Elle accueille ponctuellement en stage des étudiant(e)s de troisième et dernière année de préparation au diplôme d'Etat de psychomotricien(ne) à l'Université Paris-VI (Faculté de médecine Pitié-Salpêtrière) et des stagiaires du CREPS d’Ile-de-France de Châtenay-Malabry, préparant le brevet d’Etat d’éducateur sportif du 1er degré des activités de la natation.

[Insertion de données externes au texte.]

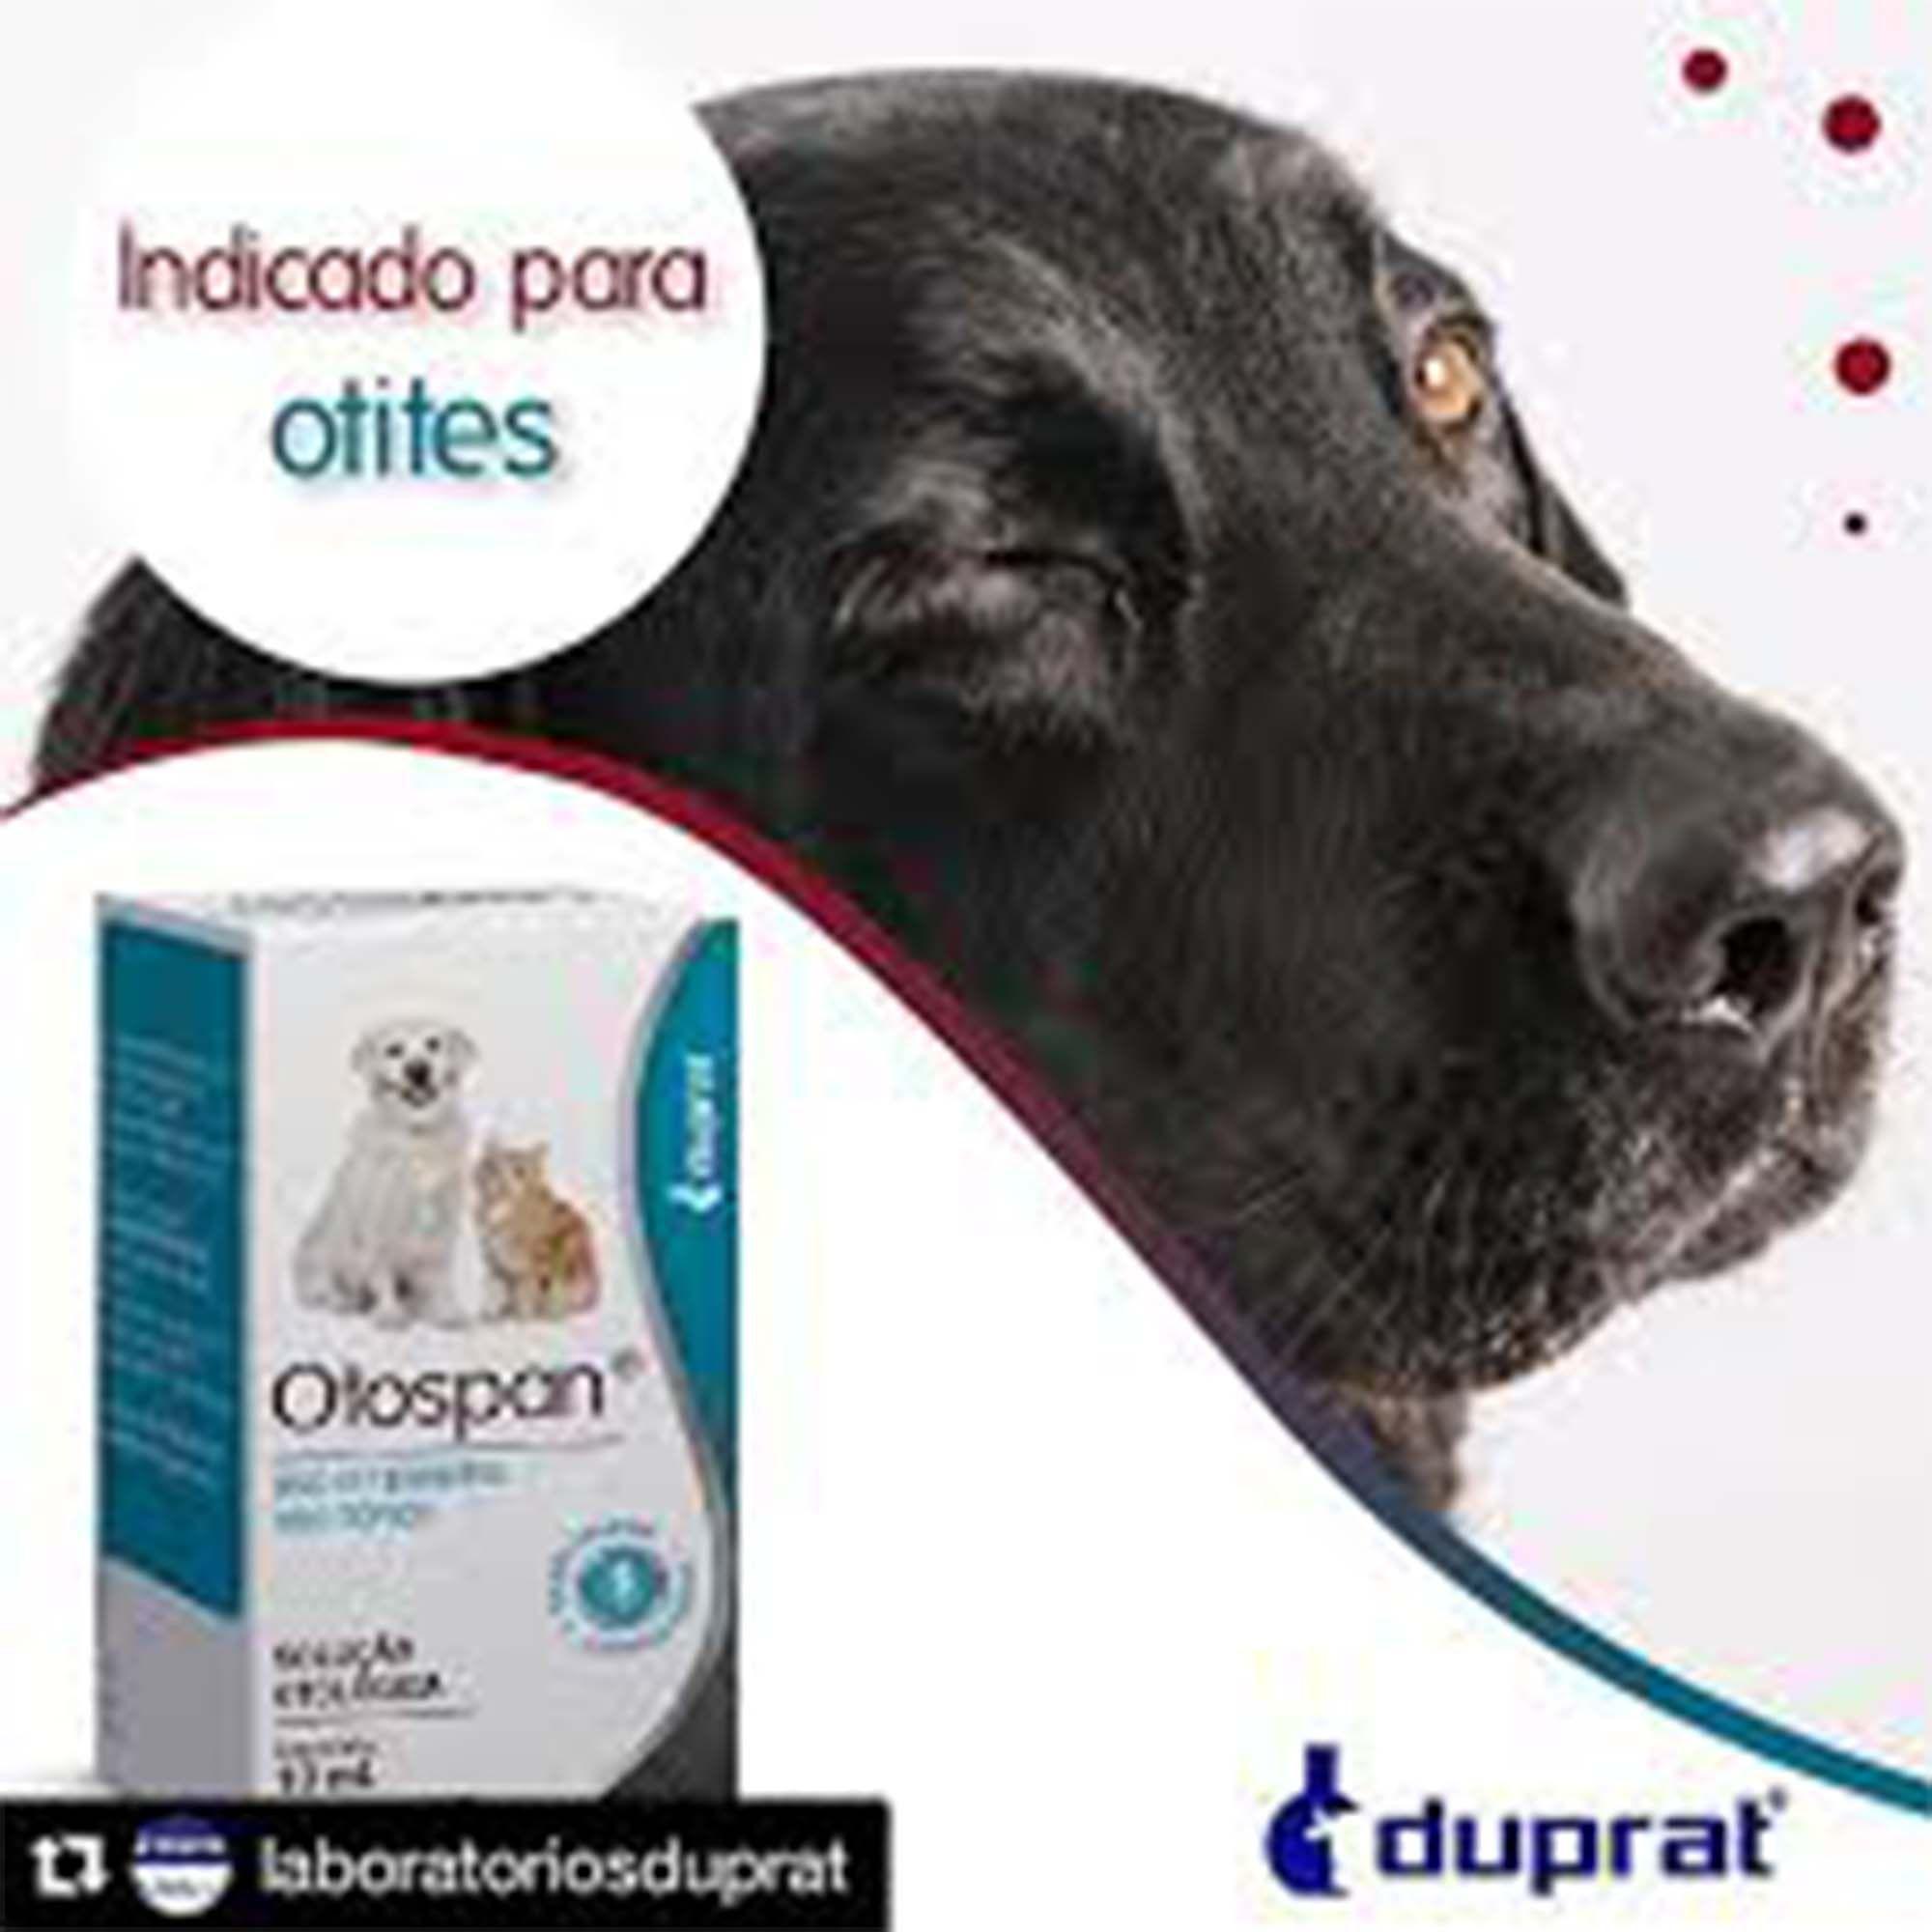 Otospan Anti-inflamatório Otológico para Cães e Gatos 10ml

L’association LUDAQUA a été sollicitée à plusieurs reprises pour la création et la mise au point de matériel pédagogique..., et à titre de conseil et d'assistance à la conception, la programmation et l'organisation du fonctionnement et de l'animation d'équipements tels que : piscines ludiques, piscines "sport-loisir", complexes de loisirs aquatiques..., pour le compte de collectivités locales ou de bureaux d'études spécialisés.
L'association LUDAQUA a obtenu, du ministère des sports, chargé de la jeunesse et de la vie associative, un agrément au titre des "Sports" - dont elle n’a pas sollicité le renouvellement – et un agrément au titre de "la Jeunesse et de l'Education Populaire".
1. dans son développement actuel dominé par l’Olympisme.
2. dans l’état actuel de la législation qui tend à placer sous la tutelle de l’organisation institutionnelle du Sport toute activité pouvant être qualifiée d'”activité physique” (notion juridiquement on ne peut plus vague).
3. L'organisation de ces activités entend se situer dans une perspective d'activités associatives de proximité, relevant de l’”économie sociale et solidaire” - et se distinguant d’activités relevant d’organisations institutionnalisées, d’organismes parapublics ou d’entreprises à caractère marchand, de forme juridique "associative".
L'association LUDAQUA, si elle bénéficie de créneaux d'utilisation d'une piscine publique au même titre qu'un "groupement sportif", ne reçoit aucune subvention et autofinance entièrement l'organisation de ses activités.
Ses dirigeants sont entièrement bénévoles et les personnes qu’elle rémunère le sont de façon salariée par l’association.